It has become essential to get directors And Officers liability insurance in India in today’s times. Looking at the nature of establishments and a globally uncertain economic condition, organizations cannot always be safe from lawsuits. Although the most common types of general insurance policies seen in India are health, automobile, and life, this is right up there for senior management. 

The Procedure to Obtain D&O Liability Insurance

In actual life, D&O insurance is bought through a relatively straightforward procedure. It begins when managers fail to fulfil their responsibilities. Typical risk situations are likely to be regulatory infractions, inaccurate disclosures, reporting errors, and insolvencies. To get the claim, a description of the error is forwarded to the broker/insurer after the senior officers and directors get to know about the problem.

What if the Case is Lost?

If the D&O insurance company loses the case, then all financial and defense costs are reimbursed. However, the final claim is determined by the fine print within the specific policy. Losing the case means that the claim has been rejected. This decision should become an eye-opener for businesses having D&O policies to not rely solely on the policy for rescue each time. Instead, diligence done ahead of time will be helpful and will ensure D&O claims are rejected as little as possible. 

It is also important to remember that the best insurance companies have highly experienced agents who know their fields well. As an essential precaution, businesses must be mindful of what information is being shared.

Who All Can Claim D&O?

D&O liability insurance is highly beneficial for the following entities:

  1.  Customers– These days, marketing campaigns know no limitations, and there’s always the possibility of falling to new lows while pushing a product. If other agencies, such as non-governmental organizations (NGOs) or even customers, condemn corporations, the director may face difficulties. As a result, protection from unfair business practices and deceptive advertising is in high demand.
  1.  Shareholders– If the conduct of one or more members of the Company Board of Directors results in a drop in share prices and significant shareholder losses, D&O can prevent the occurrence of a lawsuit against the Company and its directors.
  1.  Regulatory Authorities– If a company fails to pay its taxes, a regulatory authority may hold its directors liable.

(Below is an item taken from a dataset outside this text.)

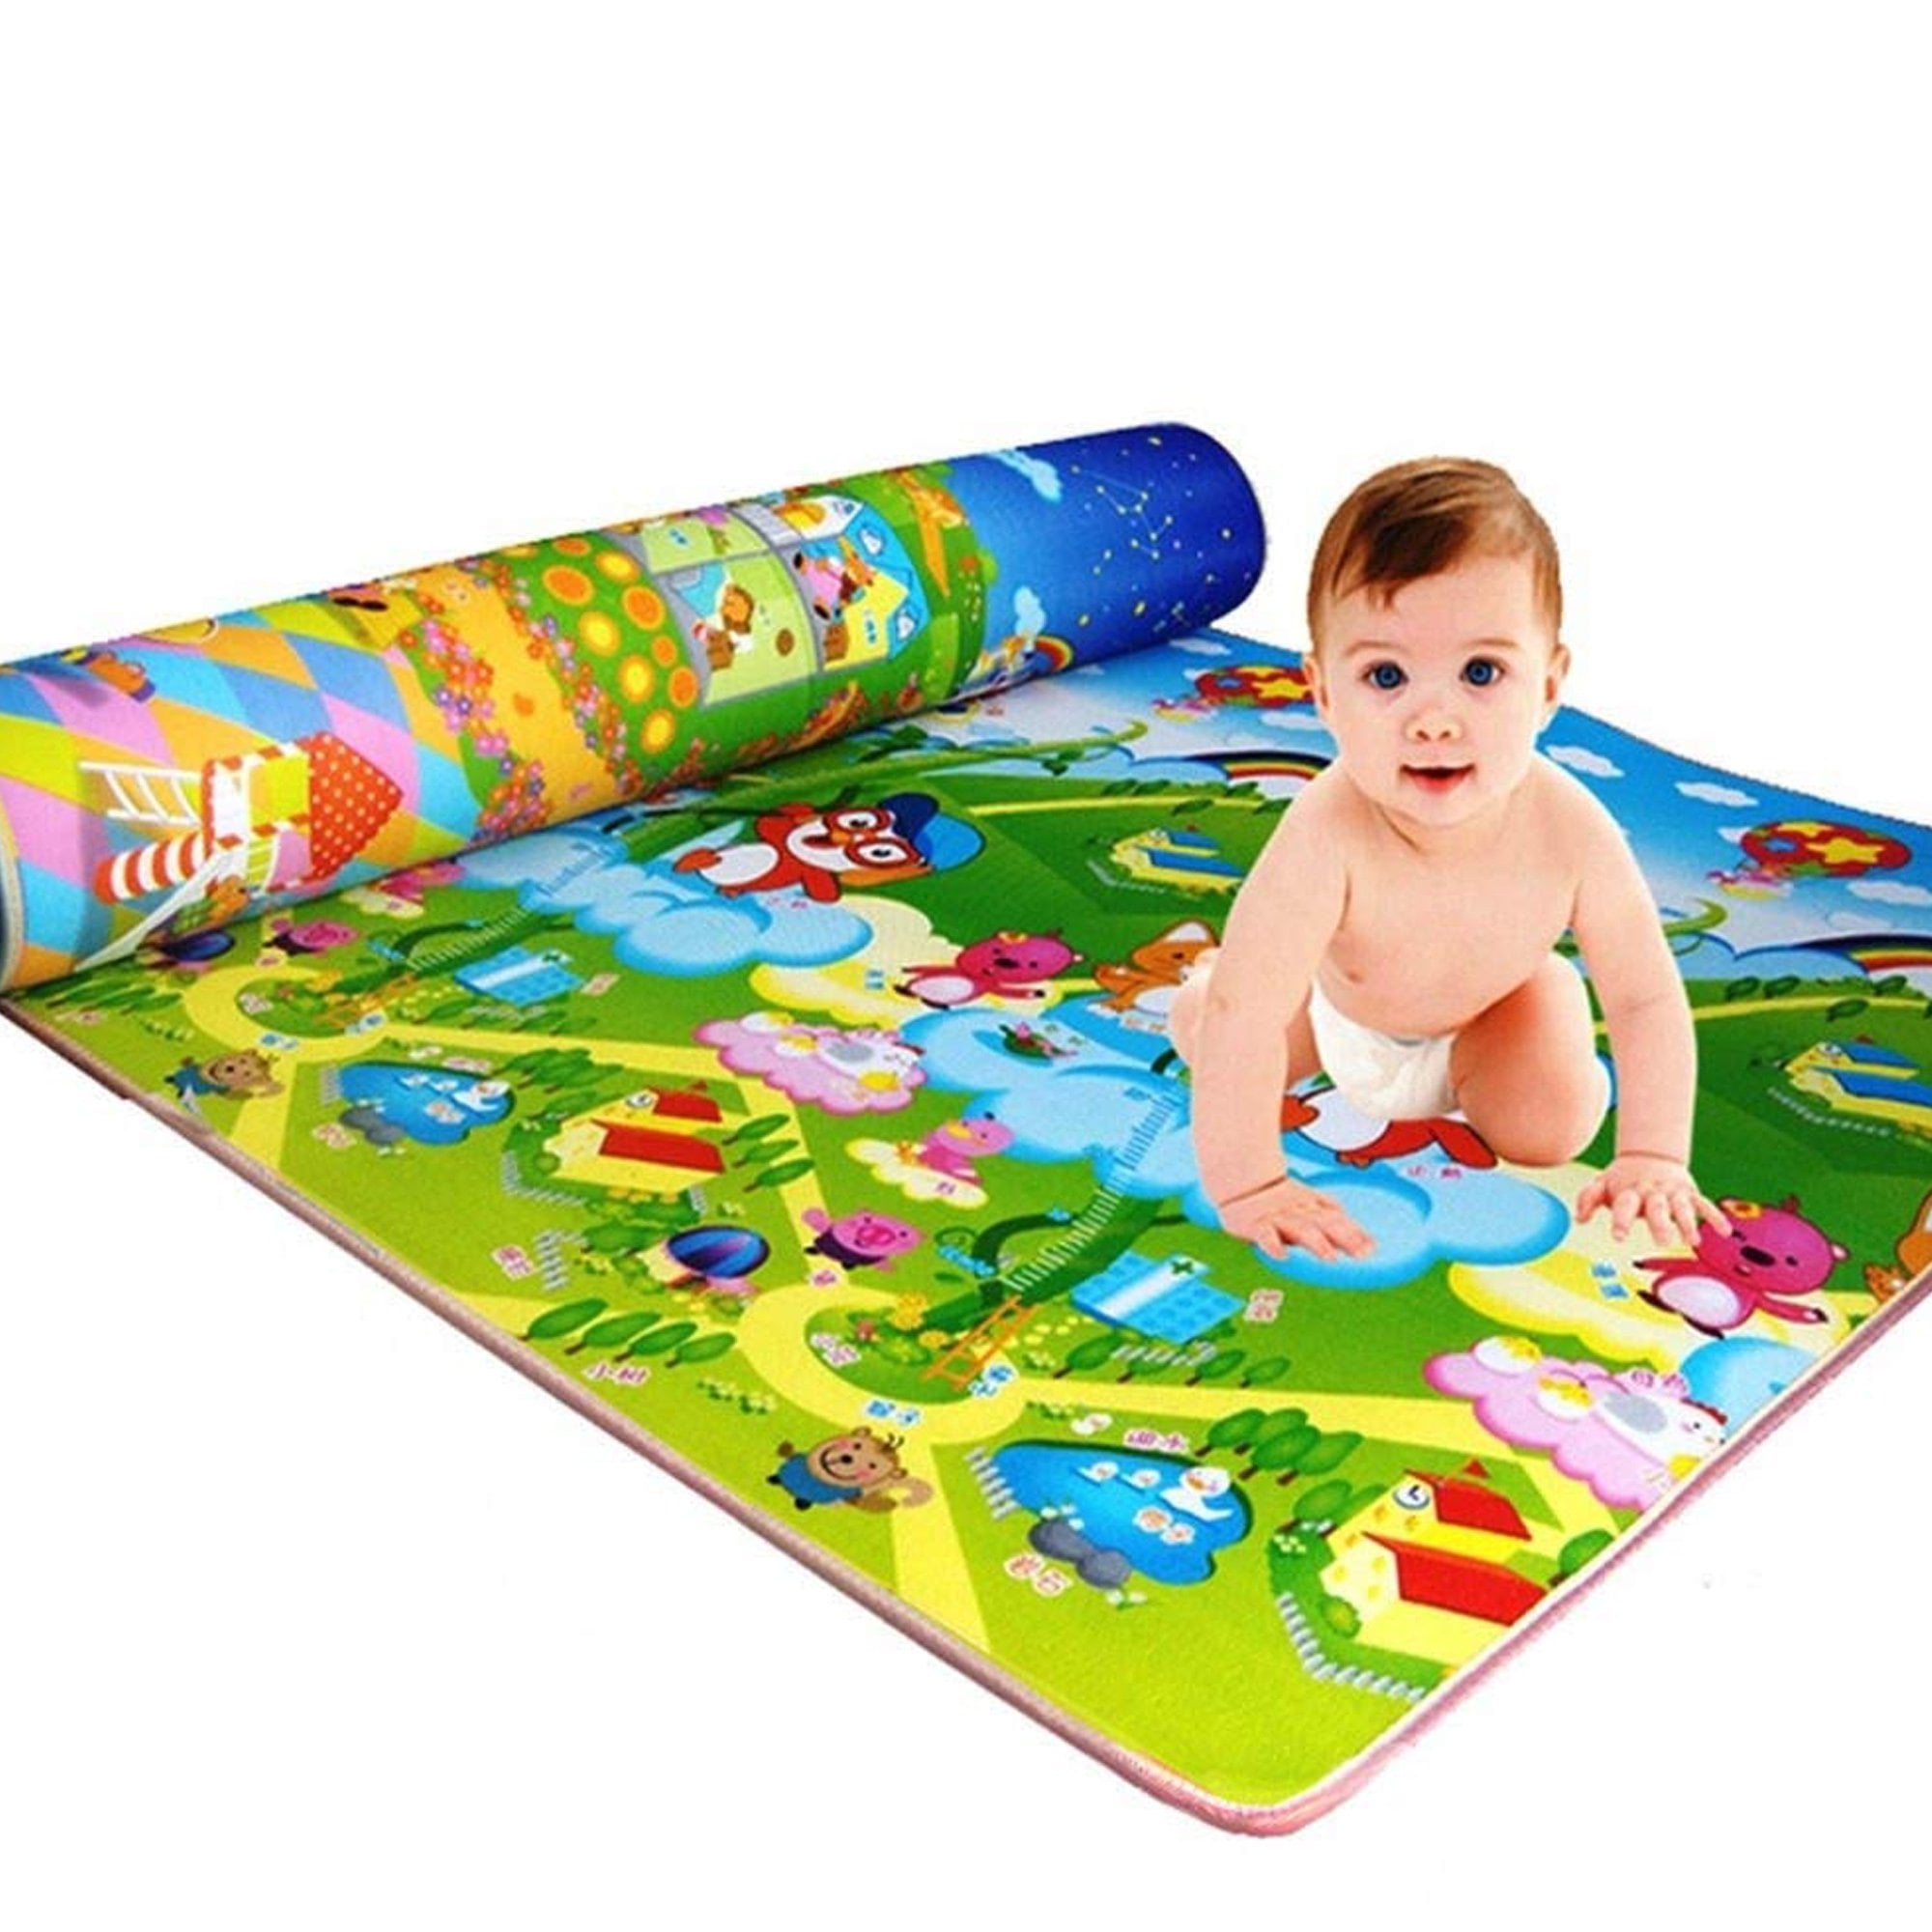 Yay Mats Pure Yay All Purpose Cleaning Wipes for Baby Play Mats
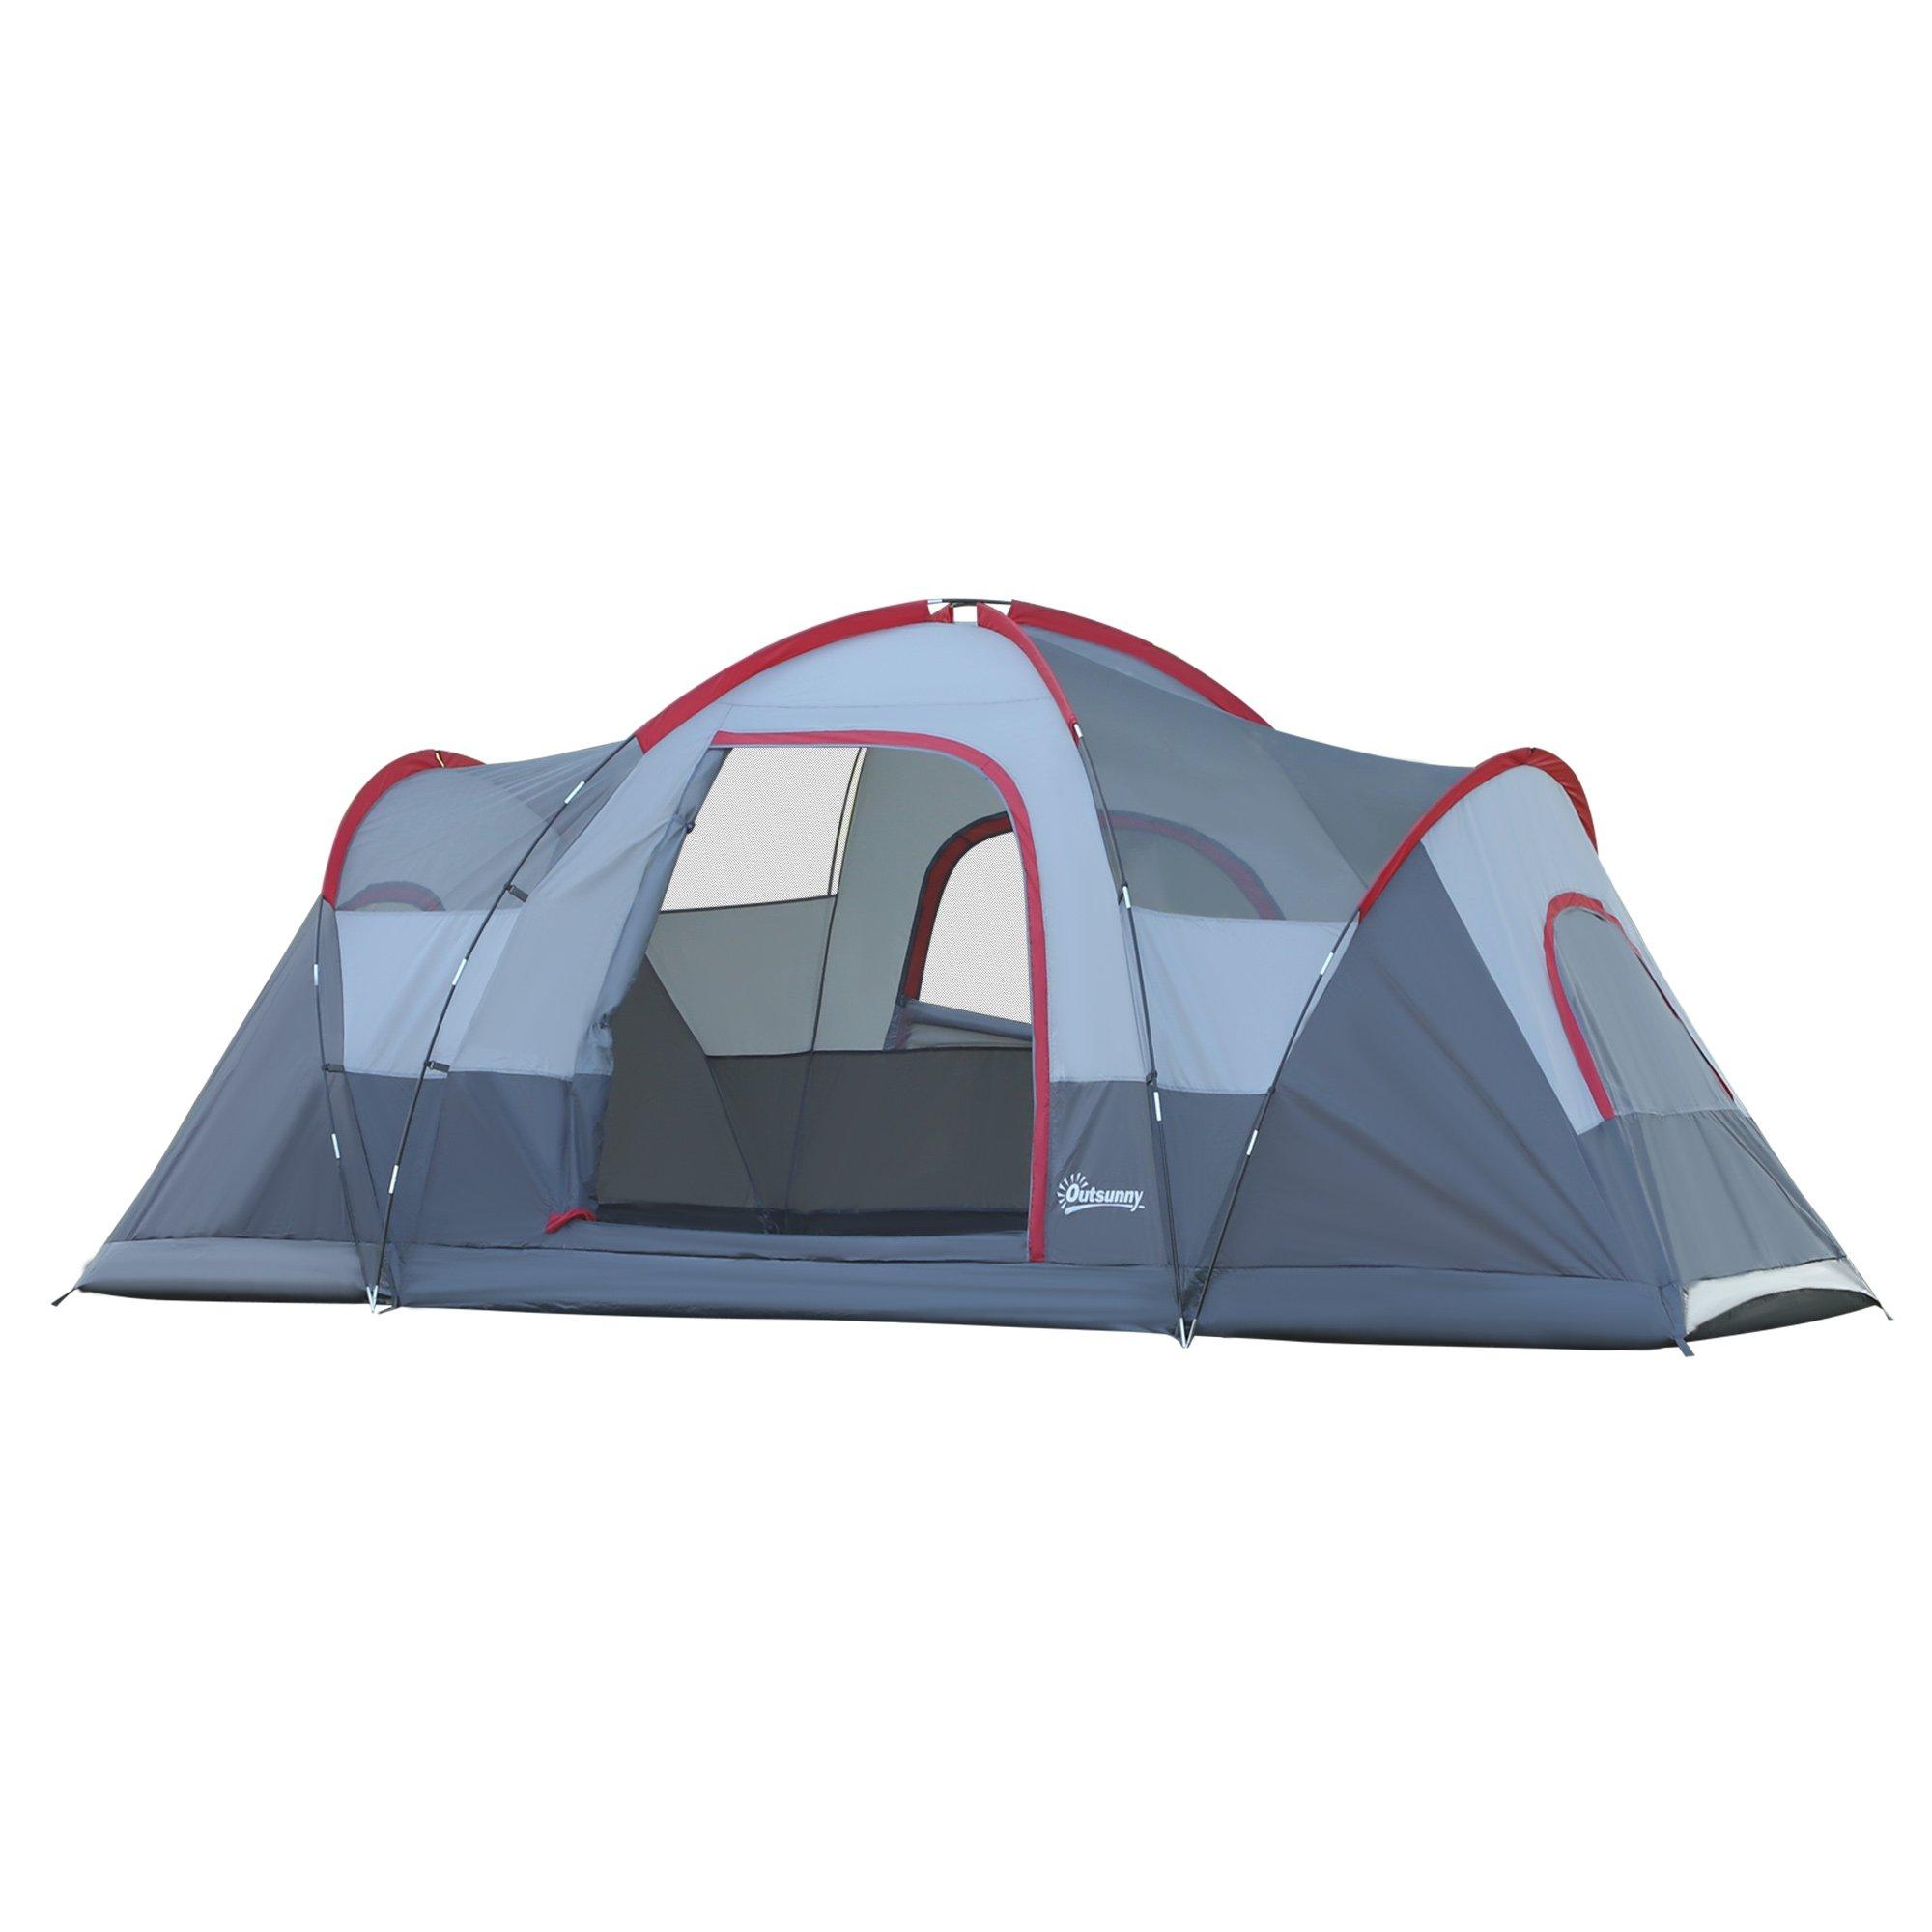 Outdoor  Camping Tent For 5-6 with Bag, Fibreglass & Steel Frame

The director will be secure if no information has been forcefully withheld or illegal actions have been undertaken.
  1.  Employees– directors and Officers liability insurance is also applicable when employees sue their employers for difficult situations like discrimination, wrongful termination, and sexual harassment.

Apart from the above, it also acts as a cover in the following crises:

  1.  Regulatory Crisis Response Coverage: It is common to see several regulatory claims where the Directors and Officers are being investigated. The senior officer or director must get a lawyer to prevent any untoward happenings. Getting an auditor or certified account would also help put forward the case. Fees charged by these professionals are as per Regulatory Crisis response coverage norms.
  1.  Lifetime Coverage for Retired directors– This is useful for both resigned and retired directors, safeguarding them against actions carried out when they were employed.  

More Insurance Covers

Insurance companies can add a couple of more covers to the existing D&O policy for a company. The following covers are available as insurance extensions:

  • Tax Liability Extension– This is in place to cover tax liabilities of individual directors and senior officers, but it does not cover liabilities of the company. Therefore, any unpaid dues from creditors because of financial constraints cannot be covered.
  • Entity EPLI Cover-This differs from the above in one way- it covers tax liabilities of the company, thereby securing it against legal action. 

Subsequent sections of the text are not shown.